O cloud banking mudou tanto a experiência bancária geral que alguns bancos novos não têm nenhuma agência física. Exemplo disso são os challenger banks, empresas de tecnologia que dependem fortemente de produtos e serviços de tecnologia financeira (fintech), que estão usando a nuvem para criar plataformas de serviços bancários digitais. Alguns oferecem seus serviços exclusivamente em um aplicativo que podem ser baixados em smartphones. Os challenger banks dependem fortemente da nuvem para fornecer serviços bancários de varejo semelhantes aos serviços oferecidos pelas instituições financeiras tradicionais, incluindo contas correntes e poupança, empréstimos e cartões de crédito. No entanto, eles operam sem os custos indiretos das agências físicas e dos funcionários necessários para gerenciá-las.
O open banking (ou “dados bancários abertos”) é uma nova prática, possibilitada por tecnologias de nuvem, na qual as instituições financeiras abrem os dados de seus clientes a terceiros, muitas vezes outros provedores de serviços financeiros, para estimular a inovação e fornecer novos serviços. Os bancos que praticam o open banking antes de mais nada devem obter a permissão de seus clientes para compartilhar suas informações, geralmente por meio de um formulário de consentimento. Em seguida, seus dados, incluindo conta, histórico de transações e outras informações, podem ser compartilhados por meio de uma interface de programação de aplicativos ou API. Os usos do open banking variam muito, mas geralmente incluem oportunidades de marketing para empréstimos e outros serviços financeiros, bem como o desenvolvimento de novos produtos digitais.

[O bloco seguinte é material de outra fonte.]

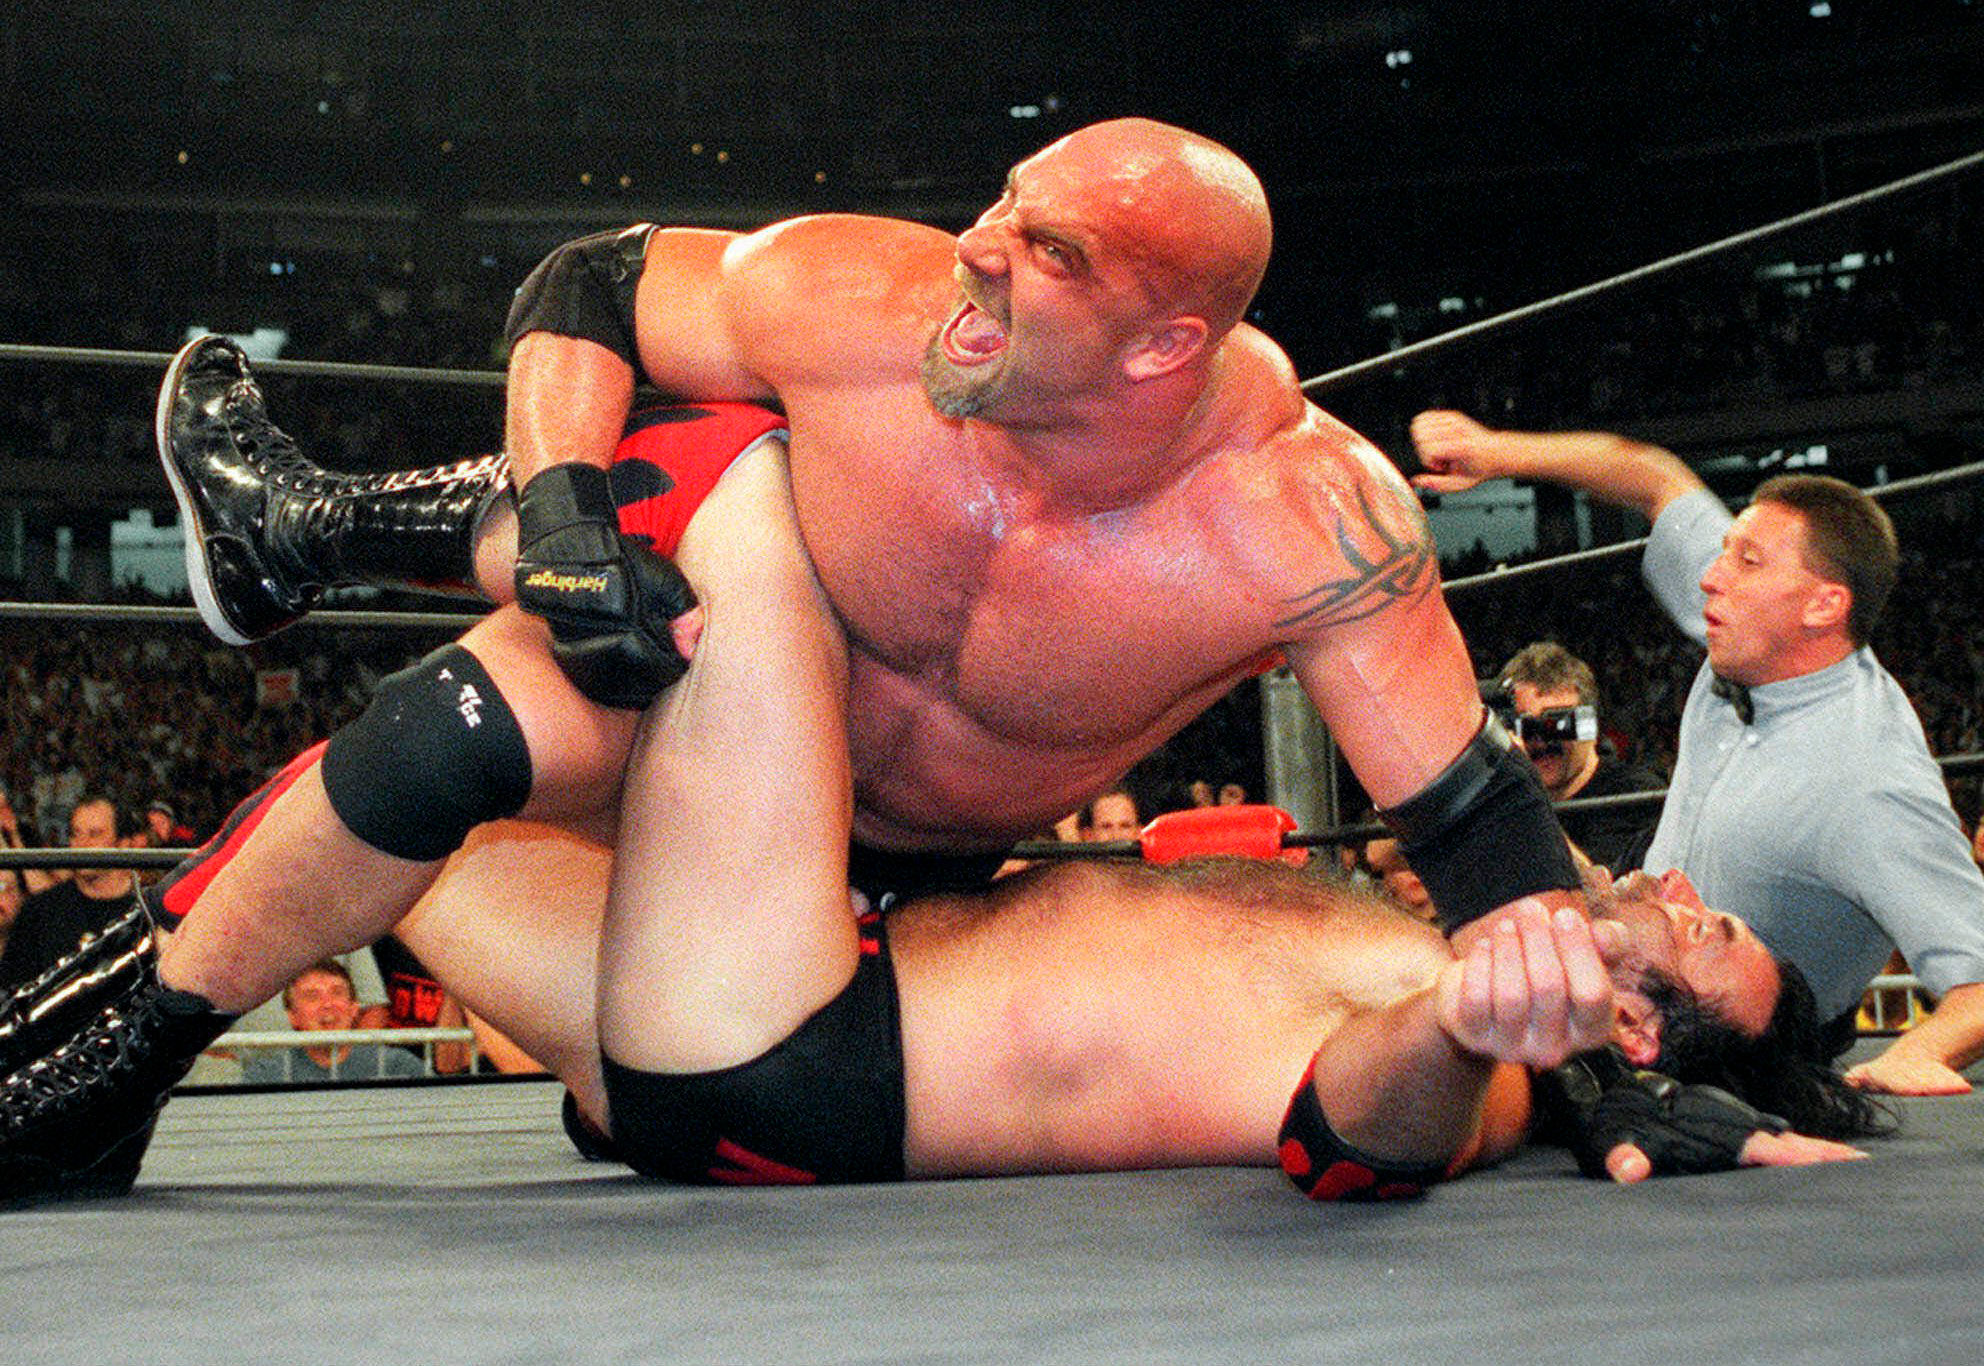 WWE star Goldberg, 54, wrestles for love of son at SummerSlam

A mudança de muitas instituições financeiras da nuvem privada para a pública permitiu que os provedores de nuvem pública oferecessem produtos novos e inovadores em um modelo de produto como serviço, possibilitando que os bancos testassem diferentes serviços e produtos para os clientes. As ofertas prontas para uso também incentivam os bancos a se concentrarem menos nas tecnologias financeiras, raramente consideradas como competências bancárias essenciais, sem deixar de colher os benefícios da inovação nesse espaço.